Now scientists in the Computational Materials Group at the University of California, Santa Barbara, have used cutting-edge calculation methods to identify the optical transparency limitations of SnO2. Their findings appeared in Applied Physics Letters.

Three beams of light (red for infrared, yellow for visible light and violet for ultraviolet) travel through a layer of SnO2. Absorption by the conduction electrons in the oxide reduces the intensity of the beams. (Image: Hartwin Peelaers, UCSB)

Conducting oxides strike a balance between transparency and conductivity because their wide bandgaps prevent absorption of visible light by excitation of electrons across the gap, according to the researchers. At the same time, dopant atoms provide additional electrons in the conduction band that enable electrical conductivity. However, these free electrons can also absorb light by being excited to higher conduction-band states.

“Direct absorption of visible light cannot occur in these materials because the next available electron level is too high in energy,” said Hartwin Peelaers, a postdoctoral researcher and the lead author of the paper. “But, we found that more complex absorption mechanisms, which also involve lattice vibrations, can be remarkably strong.”

The group observed that SnO2 only weakly absorbs visible light, letting most light pass through and making it a useful transparent contact. In their study, the transparency of SnO2 declined when moving to other wavelength regions.
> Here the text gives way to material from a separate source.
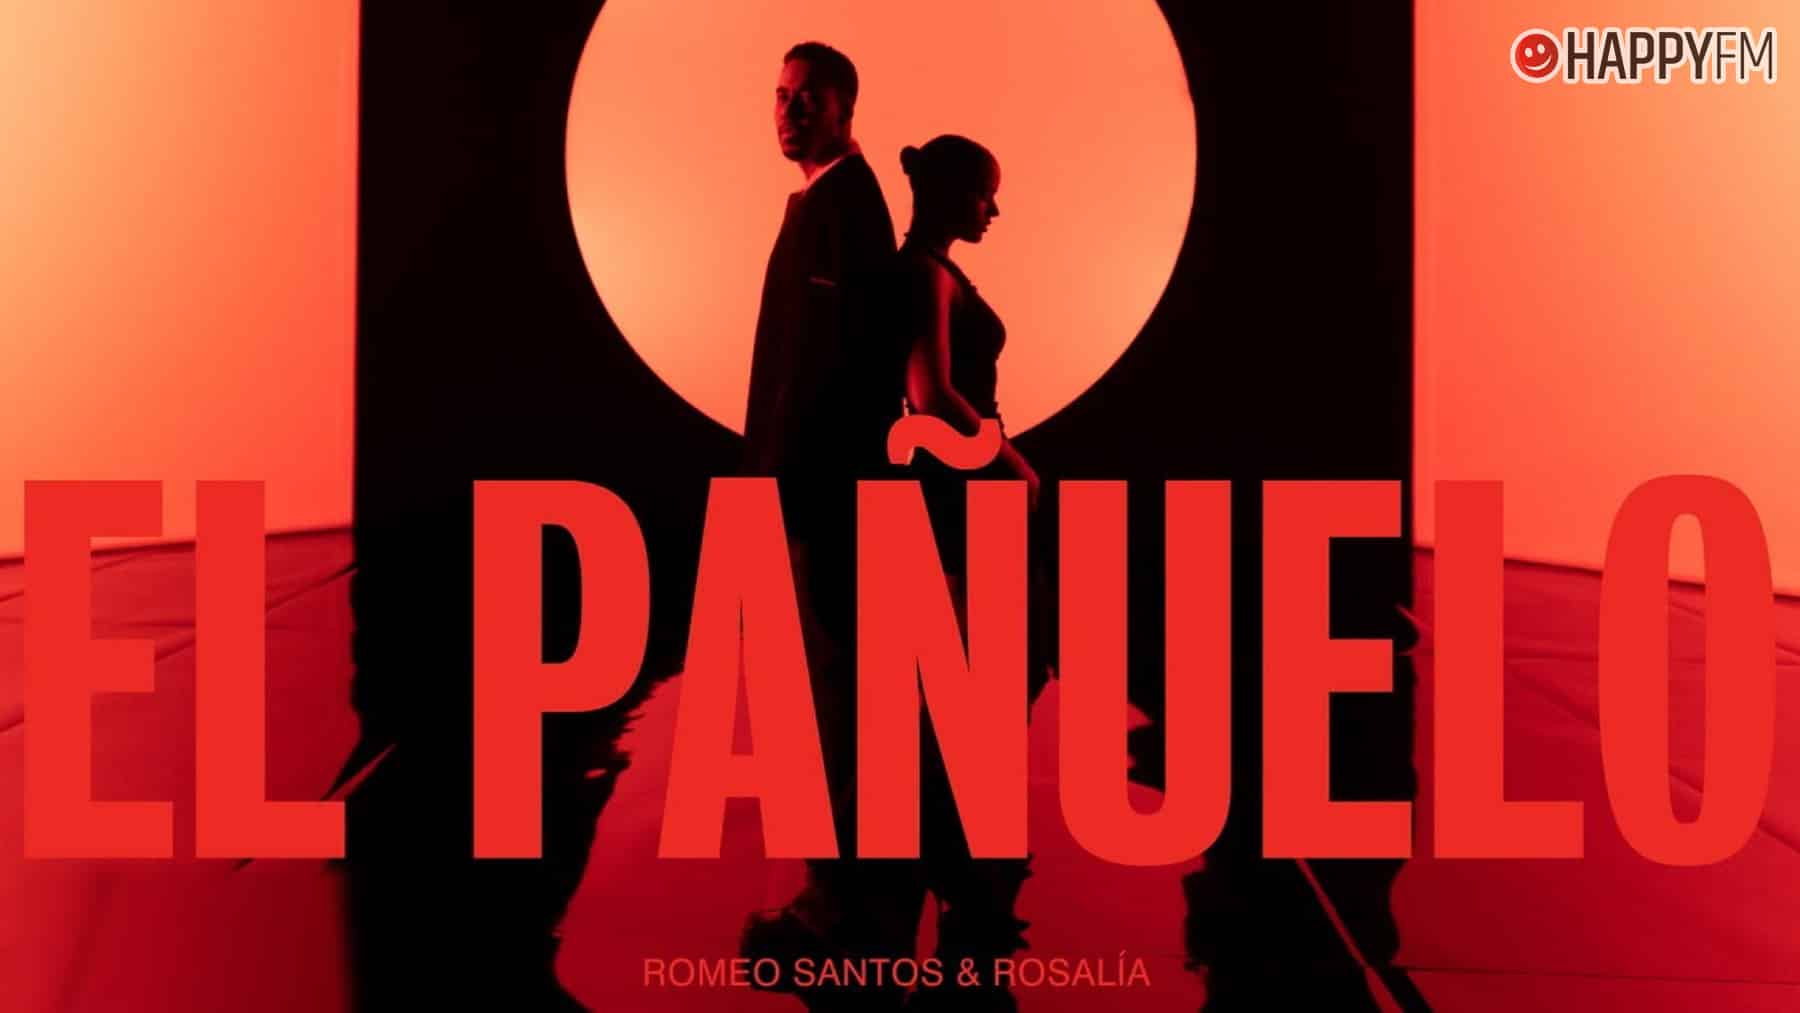 ‘El pañuelo’, de Romeo Santos y Rosalía: letra y vídeo loading=

Absorption was five times stronger for ultraviolet light and 20 times stronger for the infrared light used in telecommunications.

“Every bit of light that gets absorbed reduces the efficiency of a solar cell or LED,” said Chris Van de Walle, head of the research group and a professor of materials science. “Understanding what causes the absorption is essential for engineering improved materials to be used in more efficient devices.”

The research was supported as part of the UCSB Center for Energy Efficient Materials, an Energy Frontier Research Center funded by the US Department of Energy, the Belgian American Educational Foundation and the UCSB Materials Research Laboratory.